Place a credit freeze if available in your jurisdiction. A freeze prevents new credit from being opened in your name without your direct involvement, even if someone holds your full personal information.
Change passwords on any financial accounts. If you reused credentials across services, update them immediately. Use a password manager to generate and store unique passwords for each account.
Enable multi-factor authentication. On banking apps, email, and any account tied to financial activity, MFA adds a barrier that stolen credentials alone cannot bypass.
Watch for targeted phishing. With detailed financial profiles in hand, attackers can craft convincing emails or calls that reference your actual loan history or account details. Be skeptical of any unsolicited contact asking you to verify financial information.
Use breach monitoring services. Several reputable services notify you when your email or credentials appear in newly leaked datasets. Setting up alerts gives you earlier warning than waiting for official company notifications.

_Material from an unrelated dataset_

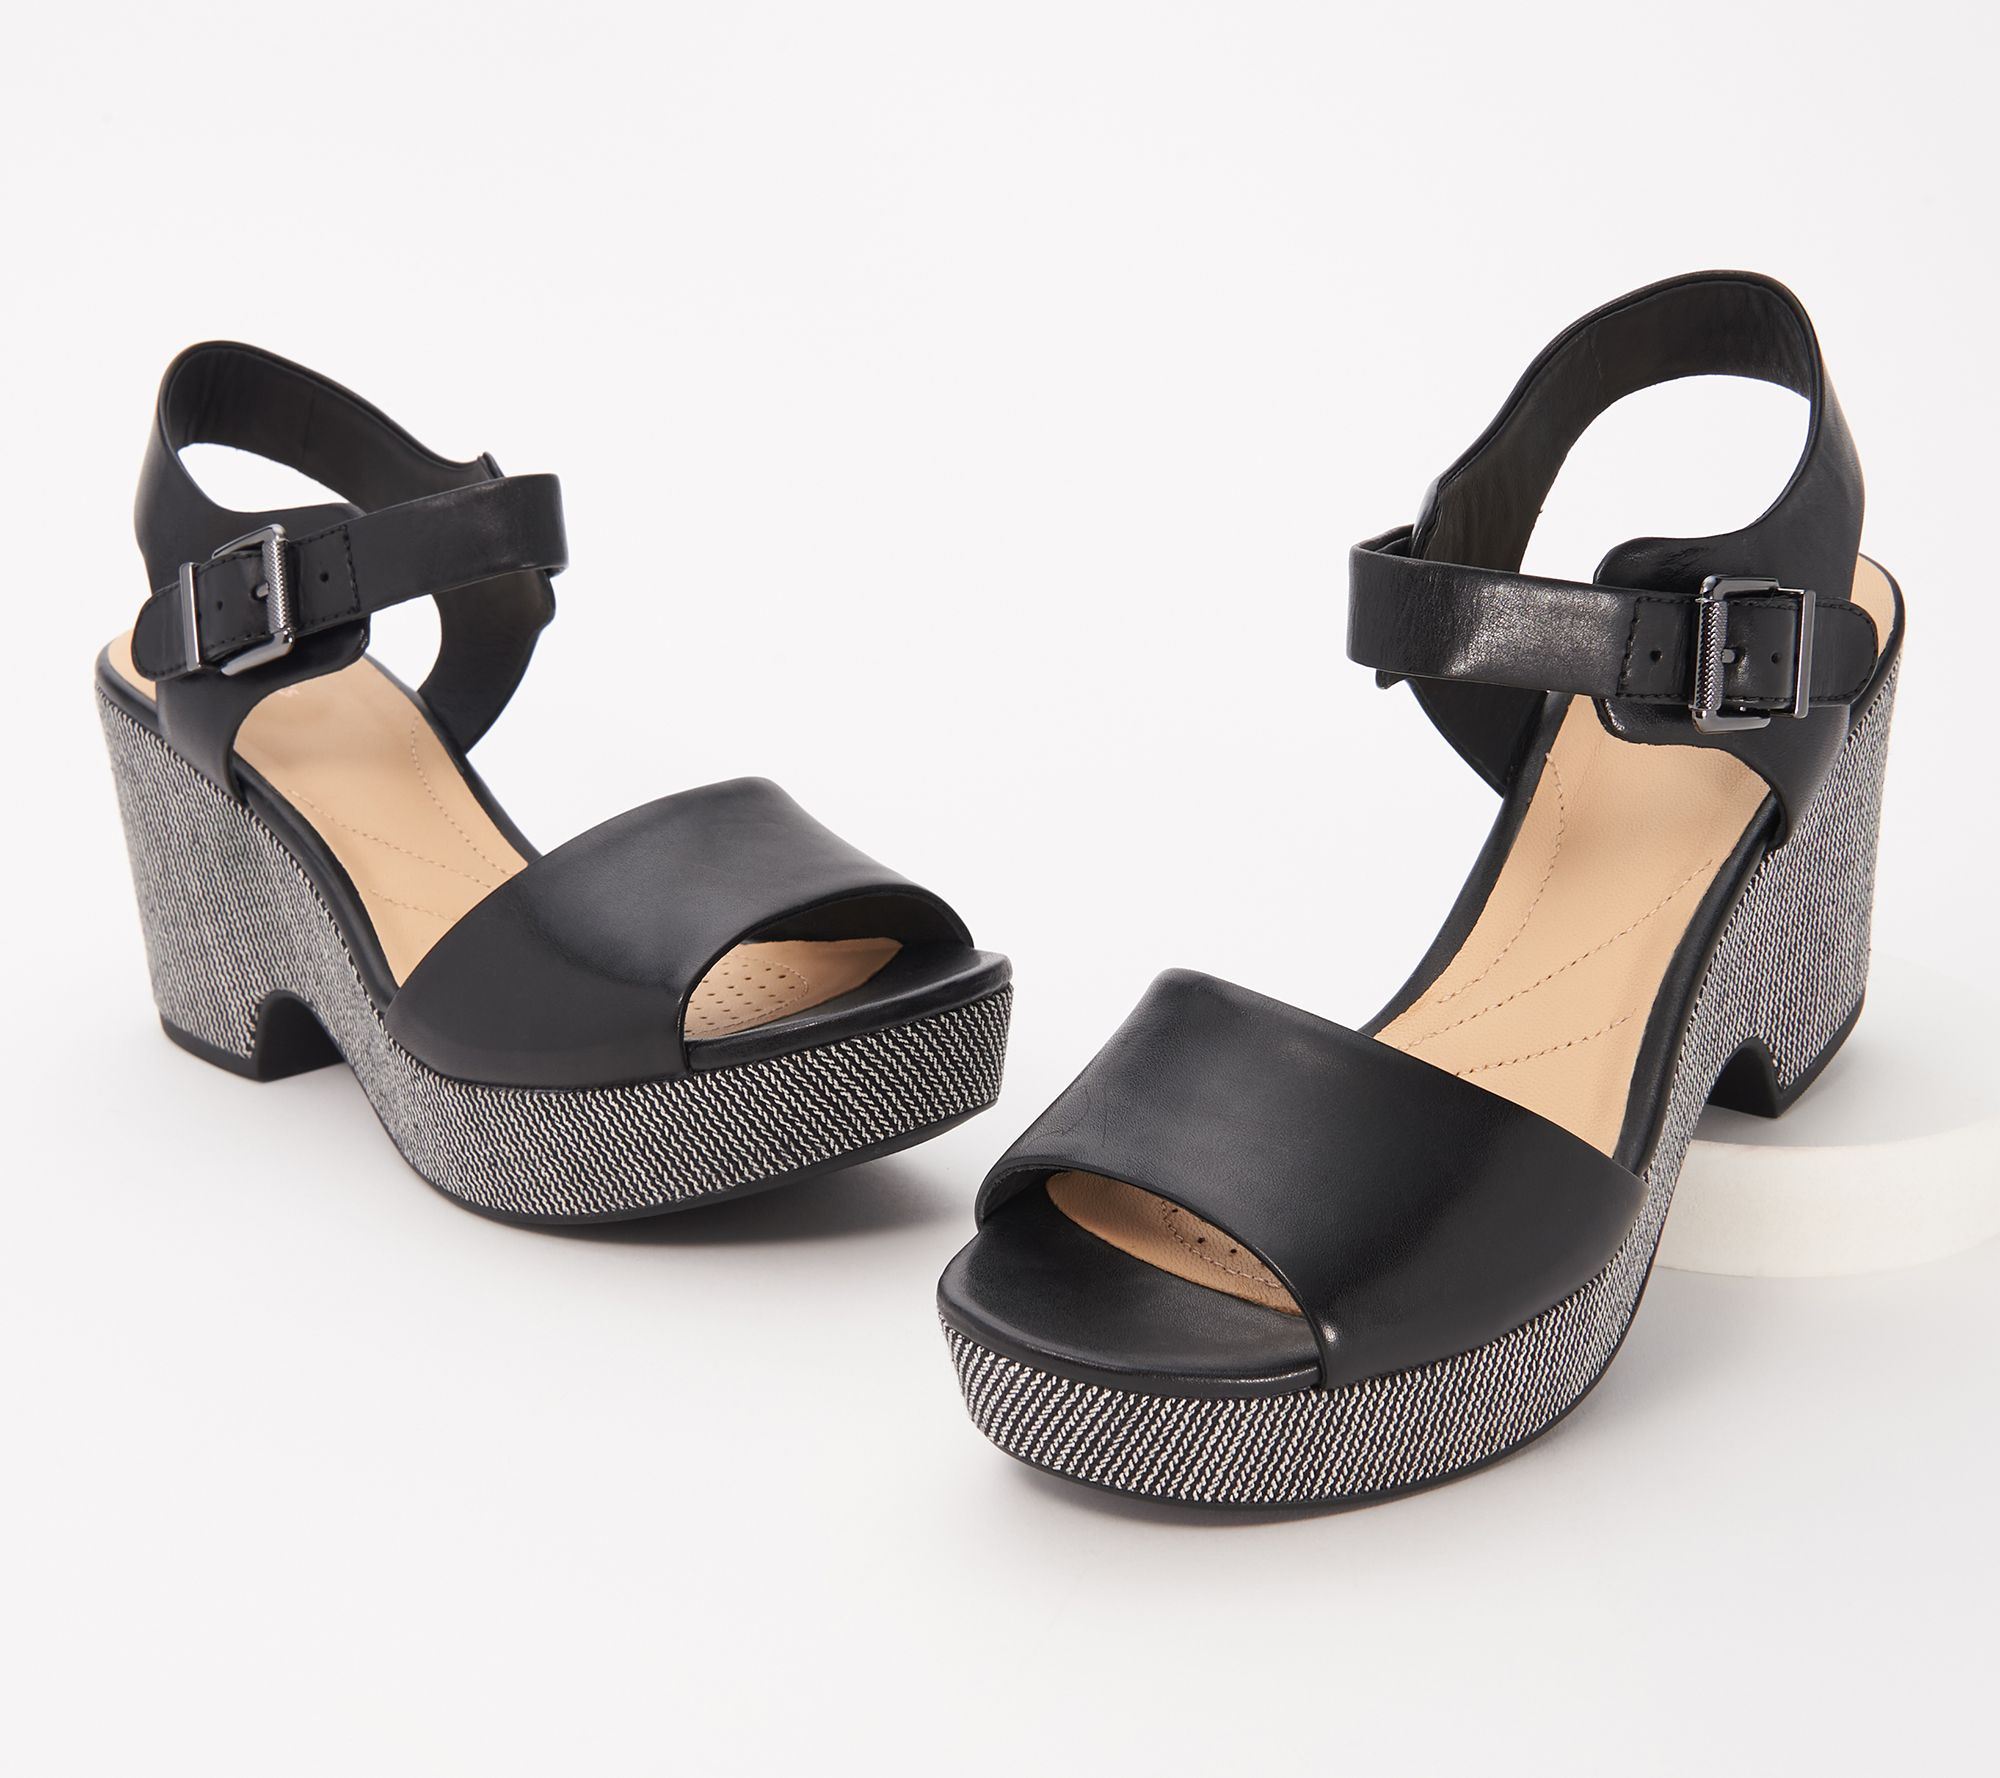 Clarks Leather Wedge Sandals - Maritsa

The ShinyHunters group has demonstrated repeatedly, as seen in their attack on ADT that exposed records tied to millions of security customers, that no sector is off-limits and that negotiations do not reliably prevent data from being published or sold.

The Addi.com breach is a reminder that protecting your financial identity requires ongoing attention, not a one-time setup. Layering tools like VPNs, password managers, breach monitoring, and credit freezes together provides meaningful resilience, even when the companies holding your data fall short. Review your exposure now, rather than waiting for official communications that may arrive weeks after the damage has already been done.